Before computers and calculators, that is, before it was easy to calculate a level payment amount, lenders frequently had lenders payoff loans using the fixed principal amortization method.

Why?

Determining the payment amount requires only simple arithmetic. To calculate the payment due, first, divide the principal loan amount by the number of payments in the term and then add the periodic interest.

These are the characteristics of a fixed principal loan or mortgage:

- Payment amount start higher than a "normal" loan.
- The loans feature a declining payment amount. As the borrower pays down the principal balance, the interest due each period is reduced and therefore the payment decreases over time.
- The principal amount paid each period is fixed. The principal paid on a $1,200 loan with a term of one year will always be $100.
**The borrower pays less total interest**- There may be a slight adjustment ("rounding") of the final payment so that the loan is brought to a 0 balance.

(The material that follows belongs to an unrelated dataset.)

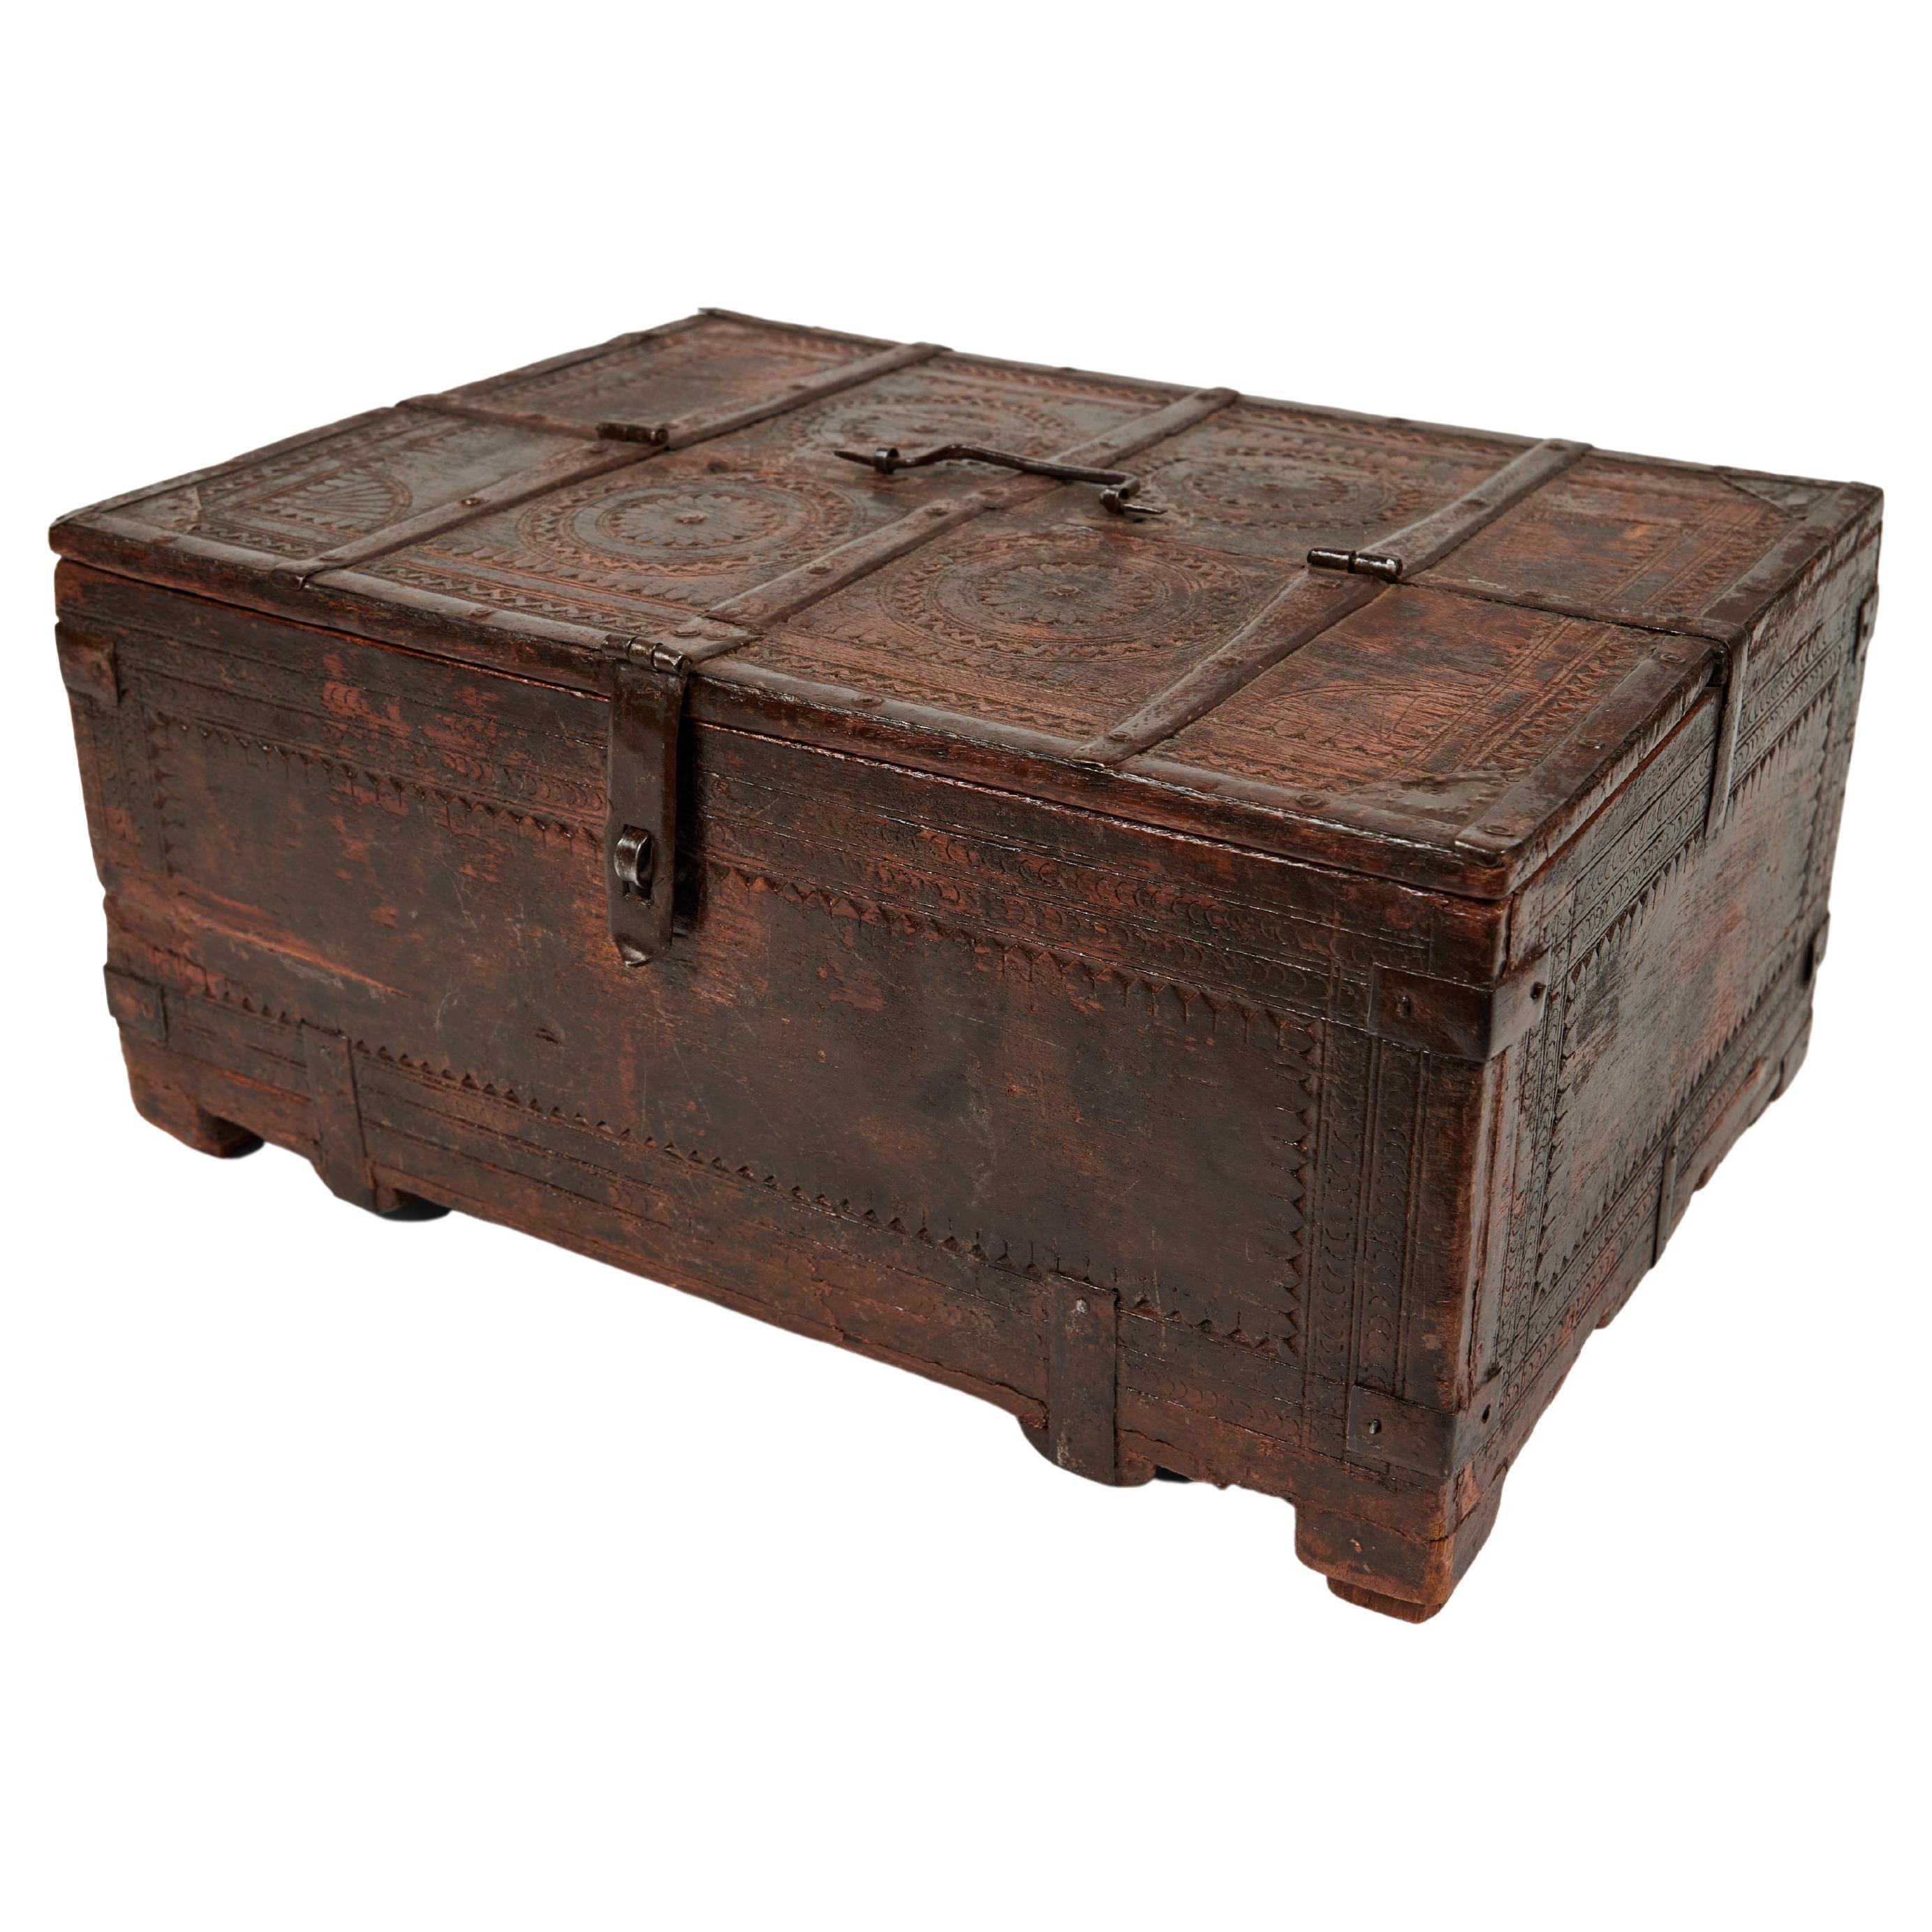 Antique Large Footed Wood Keepsake Box

**Canadian Amortization Schedule**

The Canadian amortization method is the same as the "normal amortization method" except for one detail. When the user selects the Canadian method, the calculator automatically sets the payment frequency to monthly and the compounding frequency to semiannual.

A conventional loan typically uses the same frequency for both payments and compounding.

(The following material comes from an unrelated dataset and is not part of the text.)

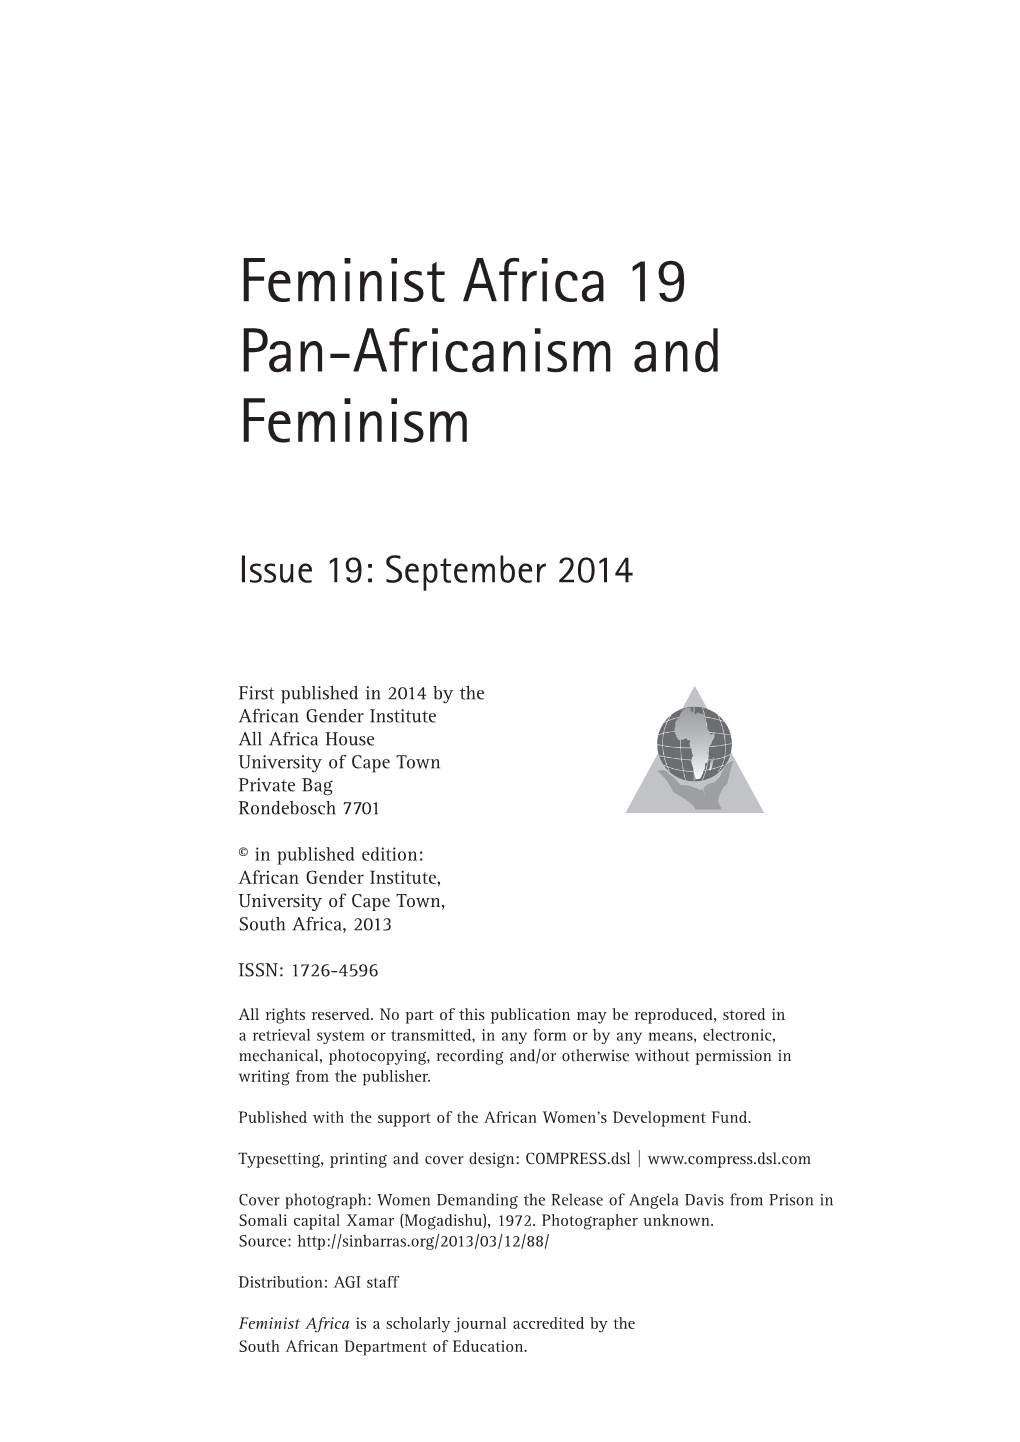 Feminist Africa 19 Pan-Africanism and Feminism

The Canadian method, because it uses less frequent interest compounding, results in a slightly lower scheduled payment amount because the interest due is somewhat less each period when compared to the interest charges owed under monthly compounding.

For more details, here's a A Guide to Mortgage Interest Calculations in Canada.

**Amortization with a Balloon Payment**

Occasionally, there are times when the terms of a loan call for a payment to be calculated on a 30-year payback but the loan will come due after five years of payments (for example).

Because the payment calculation uses a 30-year term, the balance of the loan will still be substantial relative to the starting balance when the term is up in five years, and the balance is due.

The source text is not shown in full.